Phillip J. Eby pje at telecommunity.com
Sat Jul 22 02:15:28 CEST 2006


At 12:08 AM 7/22/2006 +0200, Matthias Klose wrote:
>Phillip J. Eby writes:
> > I read the entire policy you linked to, and I don't actually see many 
> problems.
> >
> > It seems to me that the single largest problem in that policy is that it
> > clearly predates the existence of the distutils.  It has no conception 
> of a
> > Python *project* or *distribution*, only modules and packages.  It's
> > therefore not surprising that it also doesn't encompass such issues as
> > distribution metadata, package data, namespace packages, and the like.  It
> > also explains why the policy is so out-of-sync with e.g. PyPI.  (I 
> hesitate
> > to see what would happen if somebody tries to package any of my Python
> > projects such as SymbolType or ProxyTypes for Debian: they all are modules
> > in the 'peak' package, but each is distributed as a separate project!)
>
>The Python policy is just a sub-part of the Debian Policy [1]; the
>Debian Policy predates PyPi.  You are missing the existing bits about
>i.e. distribution metadata, distributions, etc.
>[1] http://www.us.debian.org/doc/debian-policy/

I'm referring above to Python distribution metadata, not Debian's.  That 
is, the distribution of a Python project, not a Linux distribution.


>I cannot find the term "project" in the distutils documentation. Any pointers?

I use the term "project" to refer to the logical thing of which a distutils 
"distribution" is a physical manifestation.  The distutils documentation 
confusingly uses the word "package" to refer both to what I'm calling a 
"project", and the notion of an individual Python package.

You can tell this by close inspection of the distutils documentation, if 
you notice that there are many places where the configuration of a 
"package" (meaning #1) in fact can list multiple "packages" (meaning #2) 
for inclusion.  (Many Python developers have previously commented on this 
naming ambiguity in the distutils.)

I thus prefer to use (and promote the use of) the word "project" for 
meaning 1, in order to have better communication about what is actually 
going on.  It is intuitive and does not confuse two different notions of 
"package".


>So yes, if peak is a rather complex setup, it might be worthful to
>have it as an example for a Debian package and to identify omissions
>in Debian packaging practices and distutils/setuptools.
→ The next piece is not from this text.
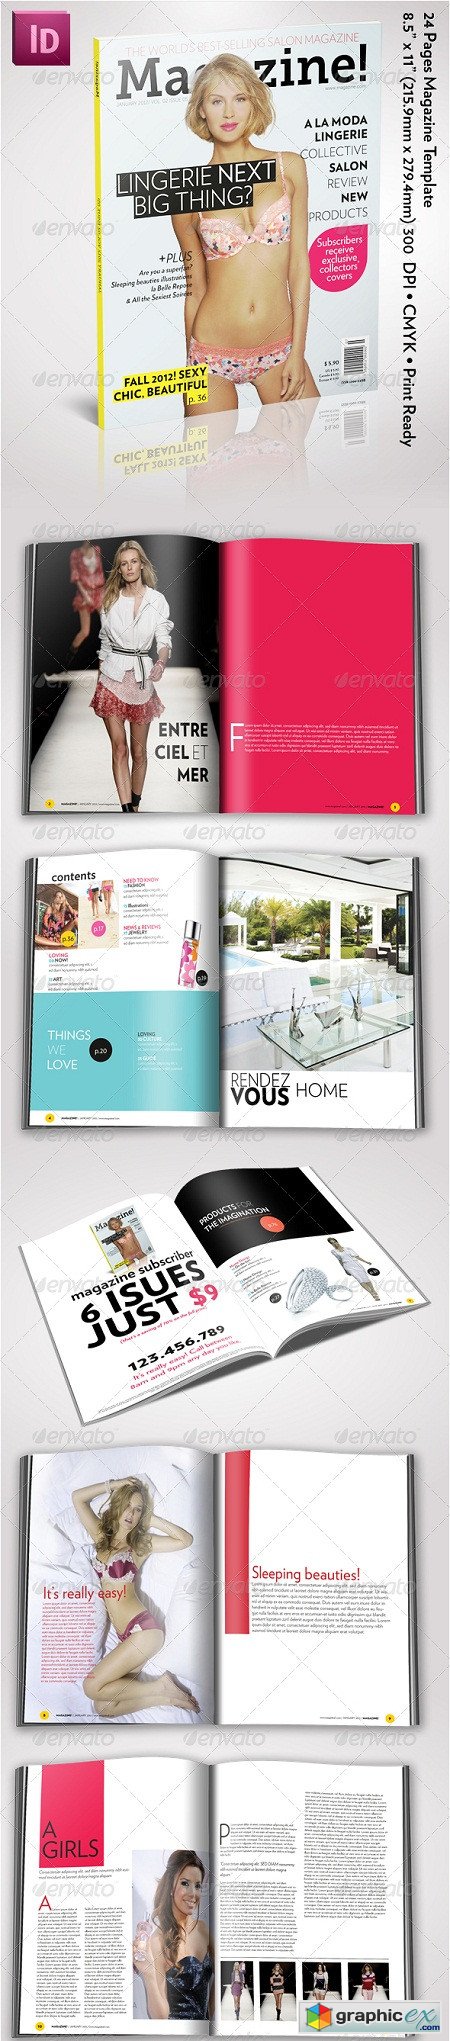 Magazine! 24 Pages InDesign Template
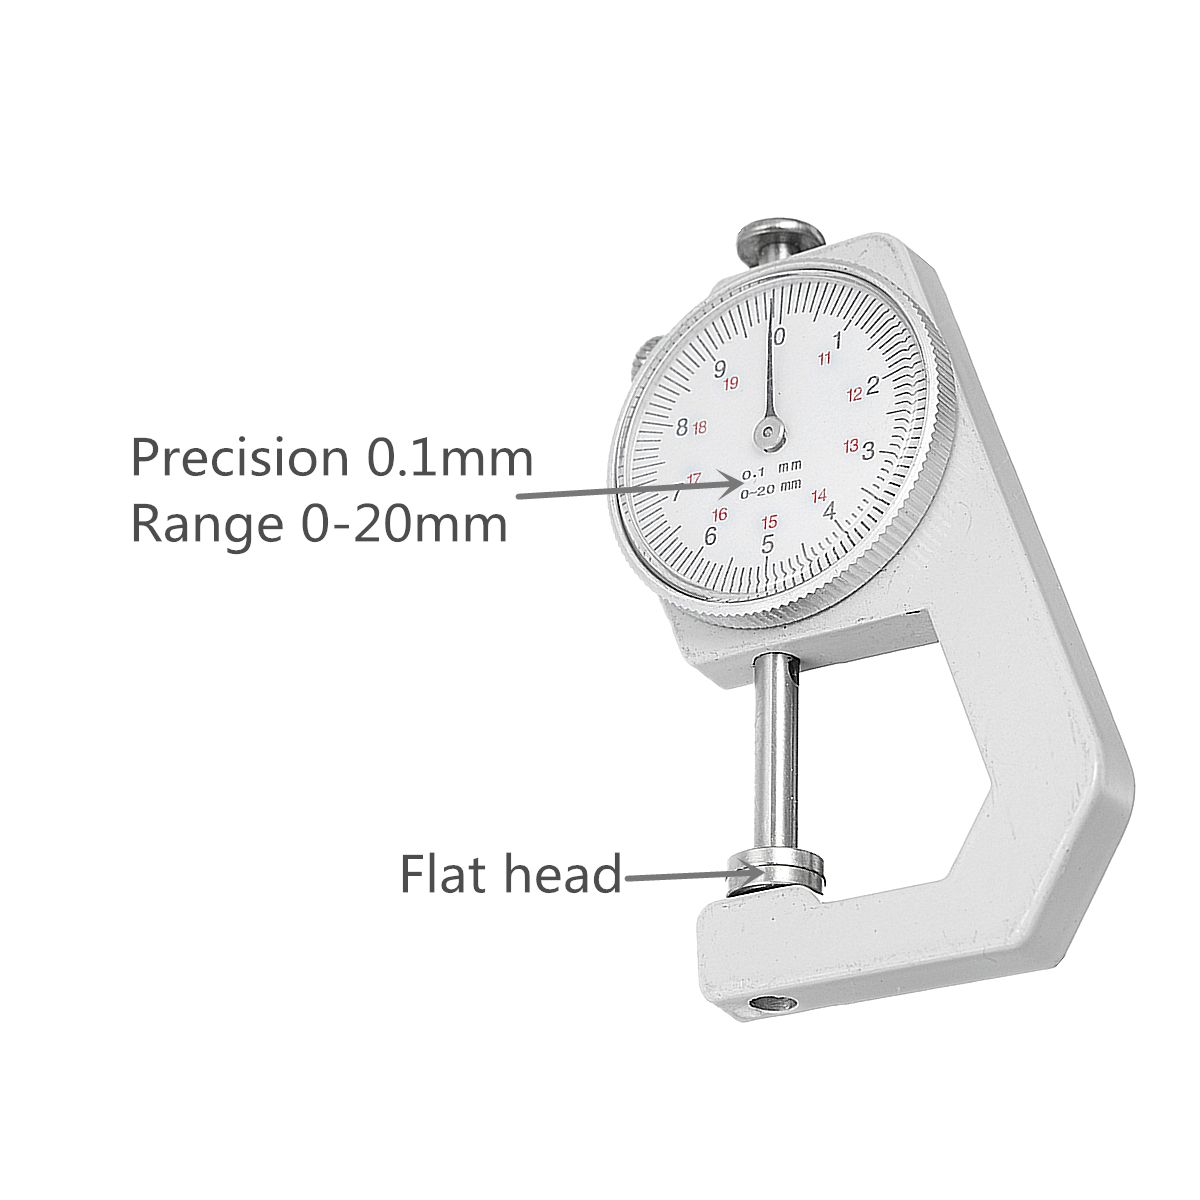 0-20mm-Metal-Leather-Craft-Toll-Thickness-Gauge-Measure-Tester-Dial-1403025

This very statement helps to illustrate the impedance mismatch and 
communication difficulty.  You appear to be interpreting my statement that 
e.g. SymbolTypes and ProxyTypes contain modules in the "peak" package 
(meaning #2) to imply that peak is or should be a Debian package (meaning 
#1, or perhaps a new meaning #3!).

But this would be the same as concluding that the various Java projects 
whose packages are contained in the org.apache.* namespace are a single 
"package" in this way, and should thus be combined into a Debian 
"org-apache" package -- split out of their respective jars and forcibly 
recombined!

But as with the org.apache.* prefix, the peak.* prefix is merely a 
namespace that indicates an affiliation and prevents unintentional name 
conflicts.  As the number of distributed Python projects increases (1400+ 
on PyPI of late), this kind of namespace management will become 
increasingly important.  This is where the term "namespace package" comes 
from; it was coined several years ago by Zope to distinguish 
package-as-unit from package-as-namespace.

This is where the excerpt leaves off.